_Your goal:_
From the records below, pull each line that has "Trumeau".

_Entries shown:_
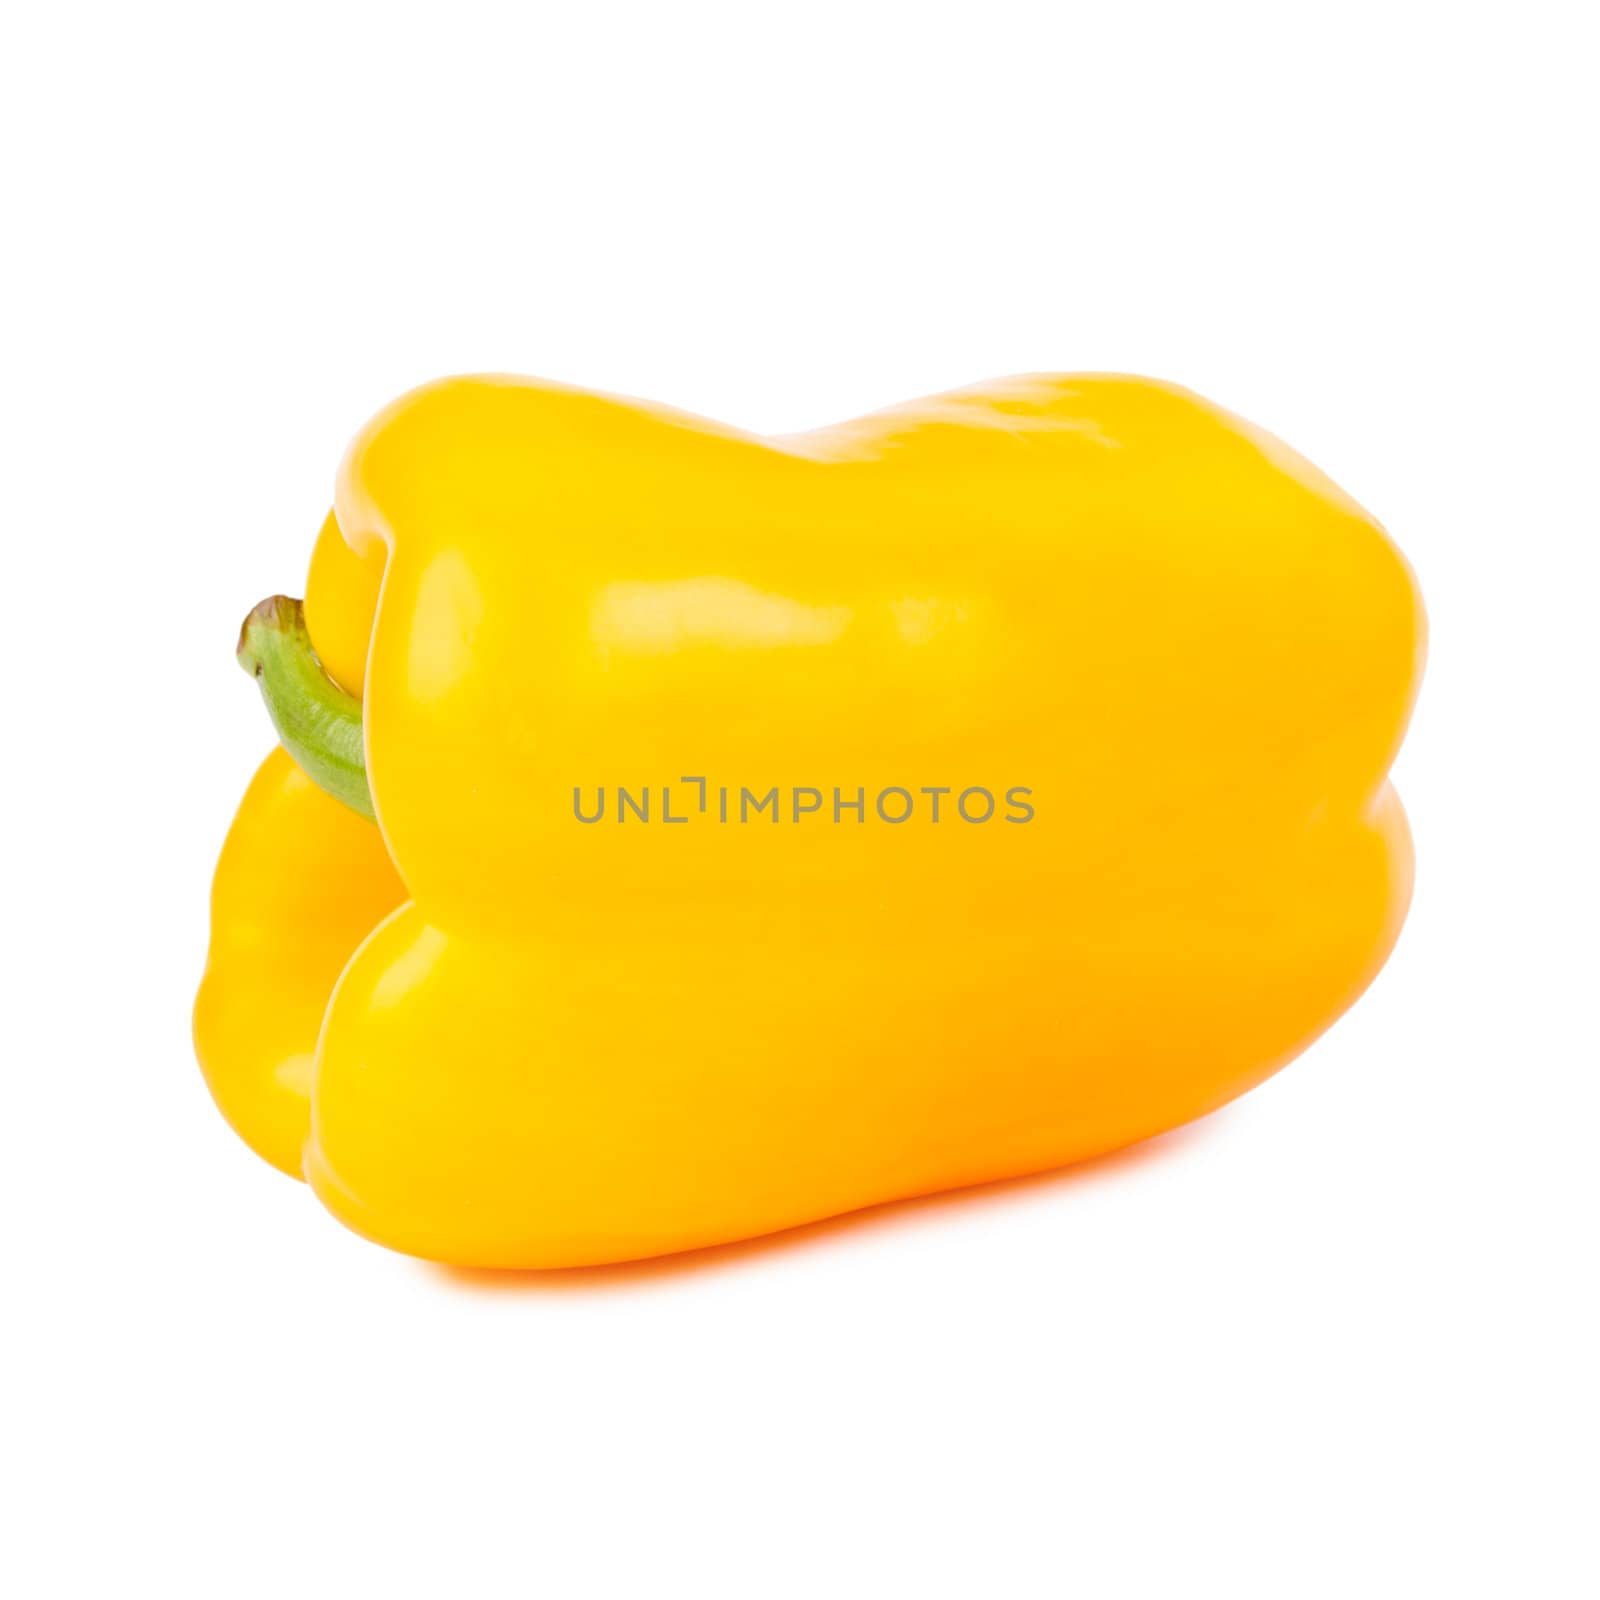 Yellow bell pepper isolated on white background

...

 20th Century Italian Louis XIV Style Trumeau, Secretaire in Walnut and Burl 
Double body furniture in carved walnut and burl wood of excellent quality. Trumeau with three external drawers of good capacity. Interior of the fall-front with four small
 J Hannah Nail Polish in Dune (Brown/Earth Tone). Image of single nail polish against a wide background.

_Written response:_
 20th Century Italian Louis XIV Style Trumeau, Secretaire in Walnut and Burl 
Double body furniture in carved walnut and burl wood of excellent quality. Trumeau with three external drawers of good capacity. Interior of the fall-front with four small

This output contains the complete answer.